Thu, May 17, 2012 - Page 10 News List

Asian markets tumble on eurozone fears

CONTAGION:Financial markets are facing an eerie feeling of ‘having been here before,’ and now fear that the euro itself is at stake as its credibility is increasingly challenged


An official at the Tokyo Stock Exchange checks monitors in the afternoon session in Tokyo yesterday.

Photo: EPA

Asian markets fell yesterday and the euro dived to a new four-month low on news Greece is set to go to the polls again after talks to form a coalition failed, stoking fears it will exit the eurozone.

The developments came as new pro-growth French President Francois Hollande held his first talks with German Chancellor Angela Merkel, the main proponent of austerity, to find common ground on tackling the crisis.

Tokyo fell 1.12 percent, or 99.57 points, to 8,801.17, while Sydney was 2.36 percent, or 100.8 points, lower at 4,165.5. Seoul closed 3.08 percent lower, easing 58.43 points to 1,840.53. Hong Kong slumped 3.19 percent, or 634.48 points, to 19,259.83, while Shanghai was down 1.21 percent, or 28.65 points, at 2,346.19.

Greece must hold fresh -elections after talks on forming a new government broke up without agreement on Tuesday, prolonging a tortuous crisis.

The precarious financial situation was also highlighted when Greek President Carolos Papoulias said about 700 million euros (US$894 million) had been withdrawn from Greek banks on Monday and he warned the situation could worsen in the coming days.

Adding to the pessimism were comments from German Minister of Finance Wolfgang Schaeuble, who said it was not possible to renegotiate an international aid plan for Greece.

Currency traders reacted badly, sending the euro tumbling to US$1.2686, its lowest level since Jan. 16, compared with US$1.2728 in New York late on Tuesday as they jumped out of risky assets.

The common currency also eased to a three-month low against the yen at ¥101.96, compared with ¥102.12, while the US dollar was changing hands at ¥80.40, from ¥80.37.

“There is a pervading sense of unease in financial markets, a disquieting feeling of having been in something like this position before and wondering if it might turn out the same,” National Australia Bank said in a note yesterday. “In Greece, there are increasing outflows from its own banking sector and broader discussion of contagion effects. The concern now is regarding contagion. It’s not Greece per se that is the problem, but the credibility of the euro as a currency.”

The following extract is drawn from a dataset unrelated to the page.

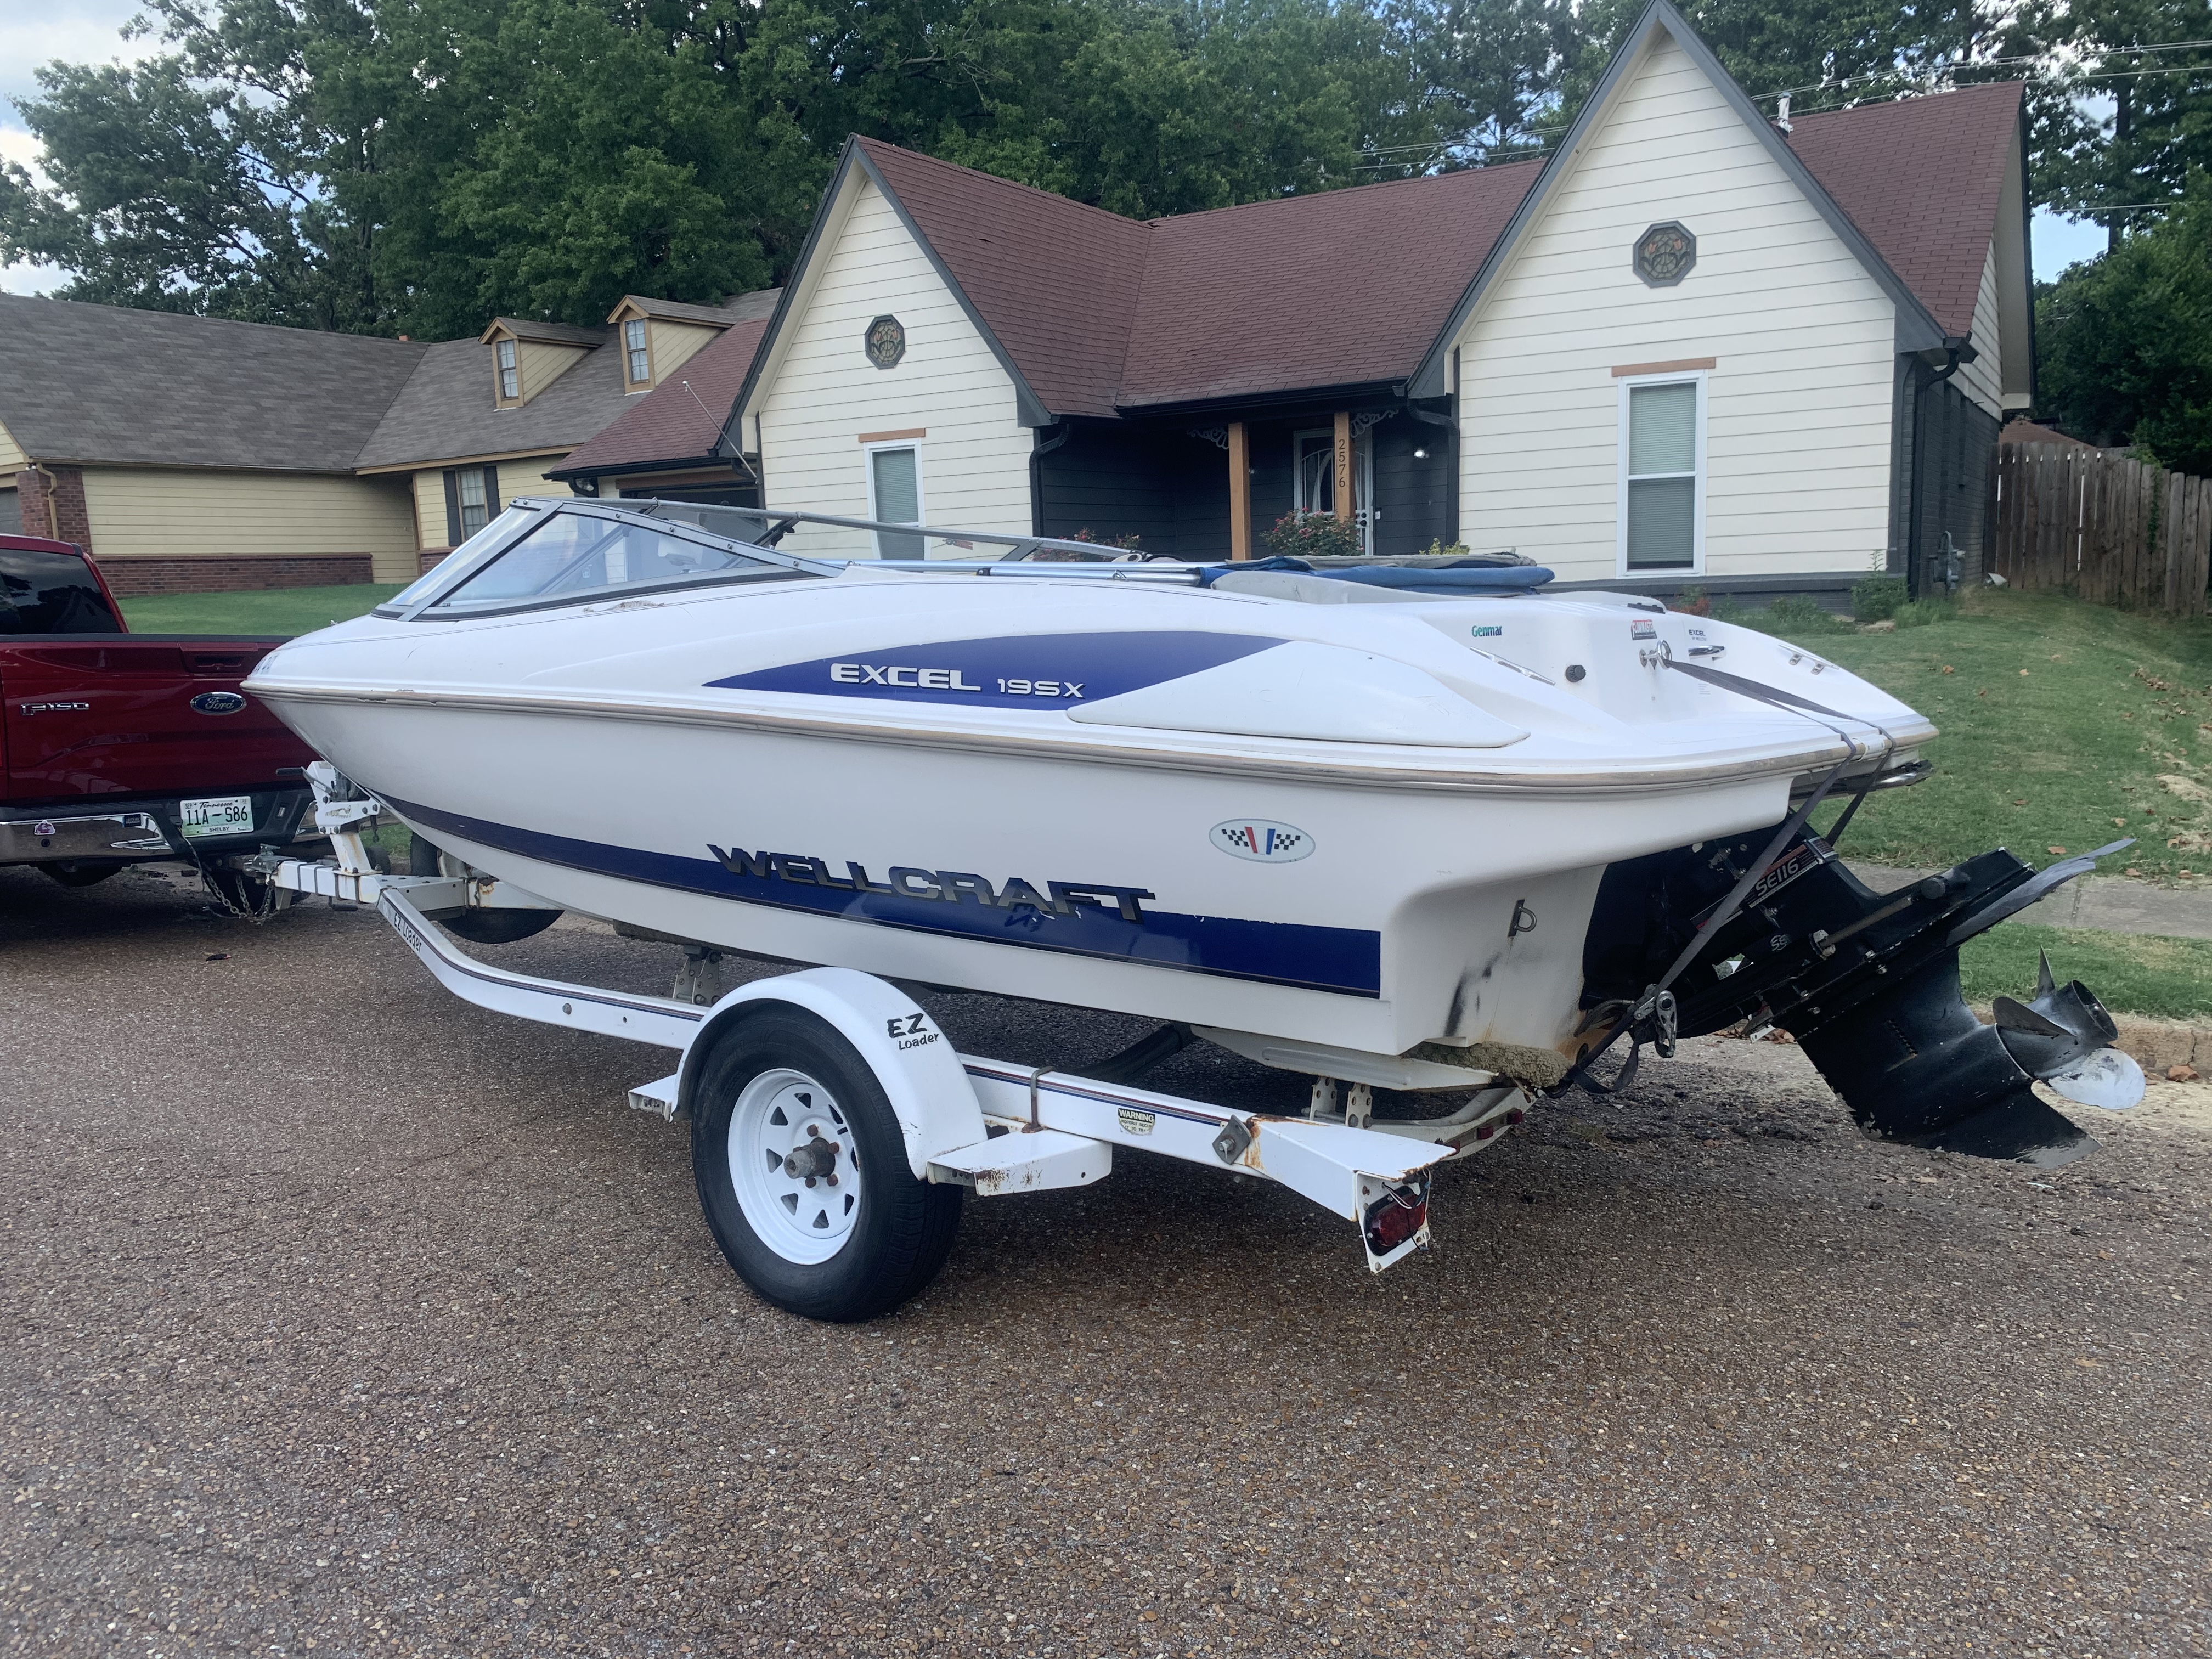 1996 Wellcraft Excel 19sx  Power boat for sale in Bartlett, TN - image 6

In early European trade yesterday, major stock markets slid at the open.

London’s benchmark FTSE-100 dropped 1.15 percent to 5,374.84 points, Frankfurt’s DAX 30 lost 0.87 percent to 6,344.92 points and in Paris the CAC 40 shed 0.77 -percent to 3,017.42.

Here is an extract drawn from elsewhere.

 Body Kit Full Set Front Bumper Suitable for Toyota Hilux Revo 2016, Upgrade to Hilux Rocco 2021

The interest rate on Spanish bonds jumped to 6.495 percent, while Italian bonds approached the psychologically key 6 percent mark, at 5.946 percent.

On oil markets, New York’s main contract, West Texas -Intermediate crude for delivery in June, was down US$1.58 to US$92.40 a barrel, while Brent North Sea crude for June shed US$2.06 to US$110.18 in late afternoon trade.

Gold was at US$1,535.30 an ounce at 9am yesterday in London, compared with US$1,558.71 late on Tuesday.